Heat
kills. Just ask Camus’s Meursault. It’s not great for crops either. An unseasonable
warm spell will set in motion a chain of events that culminates in murder. However,
the developmentally challenged Josef Bousou maybe had it coming—or perhaps the
good villagers deliberately misinterpreted his aggressively boorish behavior.
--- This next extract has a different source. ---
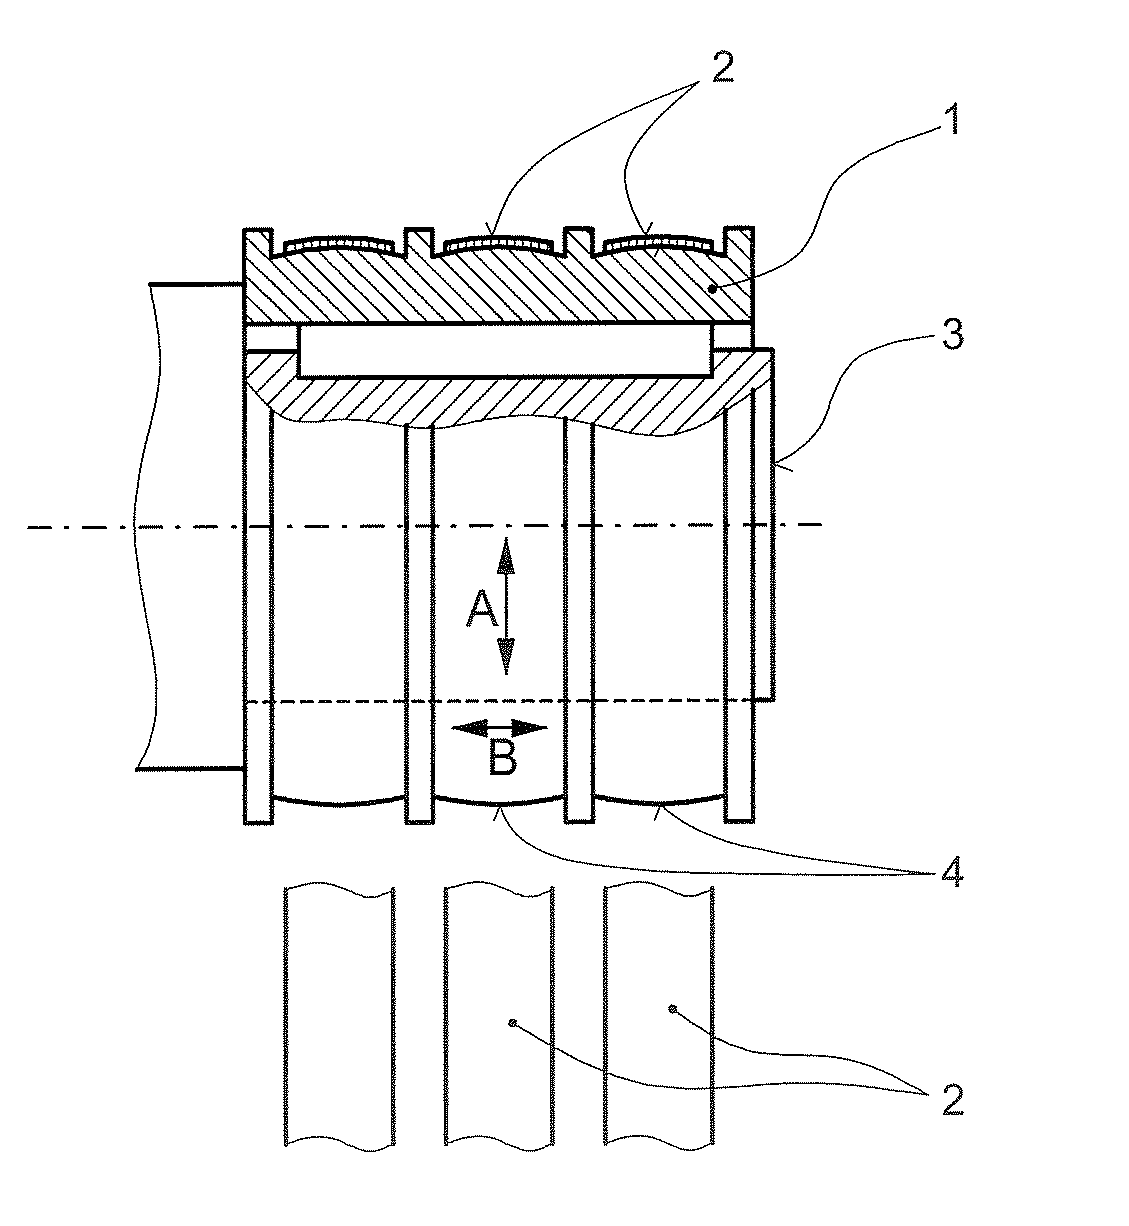 Elevator element for driving or reversing an elevator suspension means in an elevator system

He certainly winds up dead, as we can tell from the in media res opening. How
he got that way will be revealed in the long flashback that forms the core of
Raphaël Jacoulot’s Heatwave (trailer here), which currently
streams as part of the 2016 My French Film Festival.
The
thirty year-old Josef seems to have an elementary school child’s understanding
of life, as well as an equivalent capacity for mischief. Madame Bousou often
gets complaints regarding petty thefts and blasting loud music, but she
steadfastly ignores them all. The ever-indulgent Mayor Daniel Huot-Marchand
often runs interference for the Bousous, but Josef’s latest exploits will test his
patience.
To
help the village’s smaller farmers survive the drought, Huot-Marchand and the
council approved the creation of a mechanized communal well station. Yet, in an
apparently cruel act of sabotage, the pump is stolen and the key to the service
shed is found on Bousou’s person. With sentiment already running against him,
the easily manipulated hulking child sexually accosts a village elder. Of
course, after a day or two of observations, Bousou returns home to his
not-sufficiently-concerned family. When Bousou’s teenaged crush makes similar
but more dubious charges against him, things really start to get ugly.
Frankly,
Jacoulot’s weird attempt to switch gears in last twenty minutes never really
works, because of how assiduously he has stacked the deck against Bousou in the
preceding hour-plus. Despite everything that comes to light, it is hard to
blame the Mayor for requesting professional intervention when Bousou haltingly forces
himself on the old lady. Seriously, that is a totally fair deal-breaker, even
if it technically never escalates to the point of legal criminality. As a
practical matter, Bousou is cast as such an obnoxious trouble-maker, Jacoulot
has no accrued sympathy to draw on when he makes his late pivot.
Still,
it is sort of fascinating to watch Heatwave
play out as a sort of perverse passion play. Karim Leklou is completely
convincing as the socially underdeveloped Bousou—perhaps even too much so. As
usual, the ever-dependable Jean-Pierre Darroussin brings the film instant
salt-of-the-earth credibility as the conflicted Huot-Marchand. It is easy to
understand why people vote for him, especially compared to the preening
ideologue New Yorkers are currently stuck with.